39 The “Light” reveals the feast to the guest. The “Feast,” which “mends,” or gets better with time, provides strength. The “Strength” enables the speaker to be what he needs to be, a guest, providing him with his required identity. The third stanza is the result of the first and second, describing the effects of Christ’s work. The “Joy” described is immovable, alluding to John 16:22: “and your joy no man taketh from you.” This joy is not characterized by the ups and downs of an emotional state but is rather a constant possession based in knowledge. The enduring nature of “Love” may be a reference to Song of Solomon 8:7: “Many waters cannot quench love, neither can the floods drown it.” Herbert masterfully closes the stanza by combining the first two elements in the third: “Such a Heart, as joyes in love.” In Vaughan Williams’s setting of “The Call” we find again the importance of the melisma to add interest to the regularity of the poem’s meter. The first two verses are virtually the same in the vocal line; however, the accompaniment differs harmonically in the second verse. The song’s meter is triple throughout, supporting the lyricism of the poem. Each significant final accented syllable of every line is placed on the first and strongest beat of the measure.
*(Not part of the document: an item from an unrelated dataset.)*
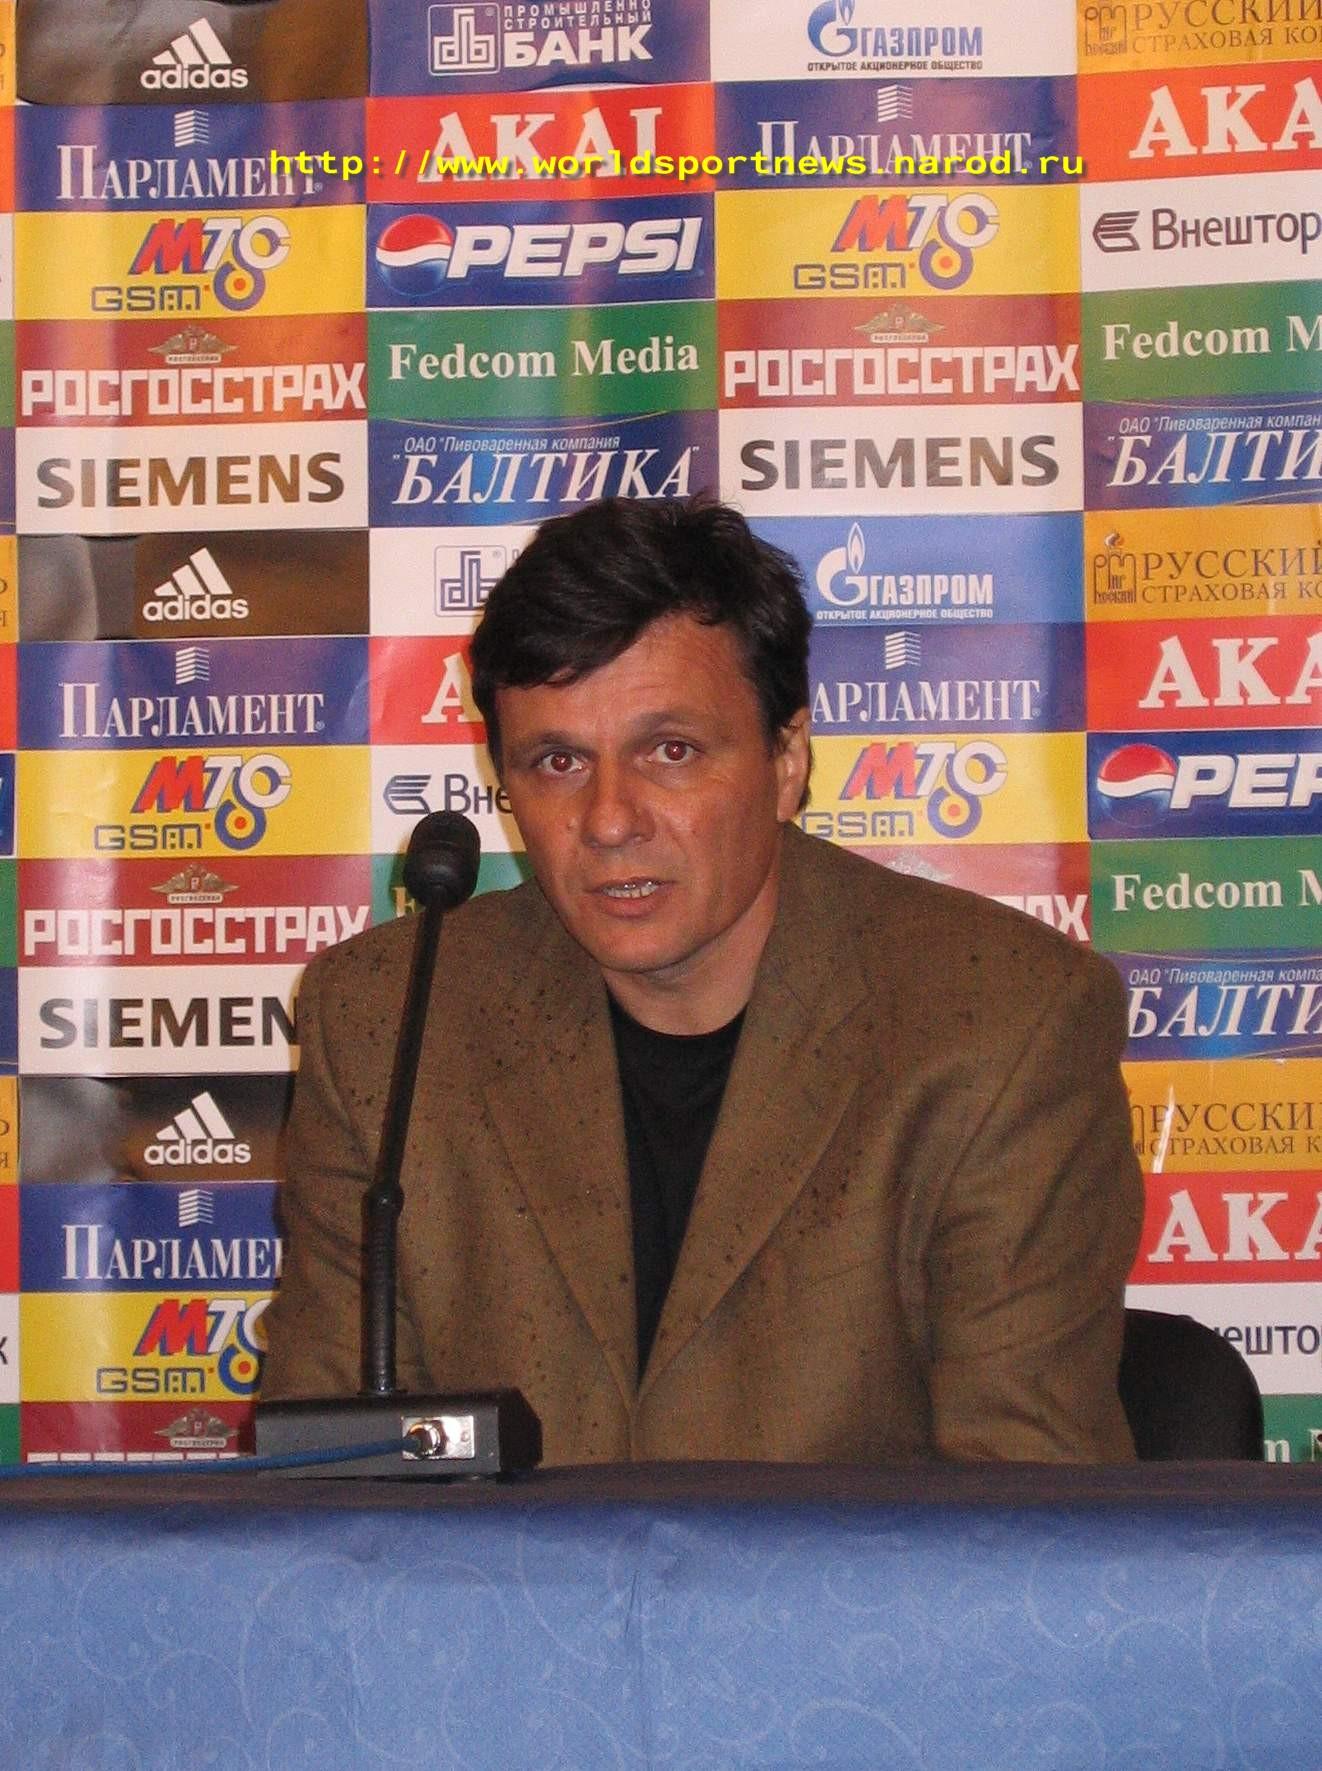 16 Мая 2005 Главный Тренер Команды «Динамо» Махачкала Г.Г.Гридин

In this way, Vaughan Williams ensures that these important nouns receive sufficient emphasis. The first such example is the placement of “Life.” (Ex. 23)

Example 23 (mm. 2-5a)

40 Melismas occur in the final lines of each verse, always in conjunction with the verbs. The striking melisma on “killeth” in the first stanza gives great importance to the word and is echoed in the second verse on “makes.” (Ex. 24)

Example 24 (mm. 10-11)

In both the first and the second verses, Vaughan Williams signals the end of the stanza with a 9/4 bar to add finality. The third verse accelerates and strengthens to forte, expressing an emotional response. Its first and second lines are musically sequential and lead to a climactic melisma on “none.” Unlike the previous two stanzas, the third stanza contains two melismas—the first as a climax, and the second as the resolution. The latter melisma of the third stanza repeats exactly the melismas of the first and second verses, with a return to the initial tempo and with a reverent tranquillo marking. A particularly notable decision by Vaughan Williams is his setting of the penultimate line. The dotted half note assigned to “as” contrasts with all other settings of the word, which are quarter notes. (Ex. 25)

Example 25 (mm. 28-29)

41 Such an extended note value underscores the gravity of the poetic line. Vaughan Williams’s strophic setting of “The Call” is straightforward and concise, paying tribute to Herbert’s style and form. But within such clarity of musical setting, rhythmic nuances appear that add interest to a very regular poetic meter.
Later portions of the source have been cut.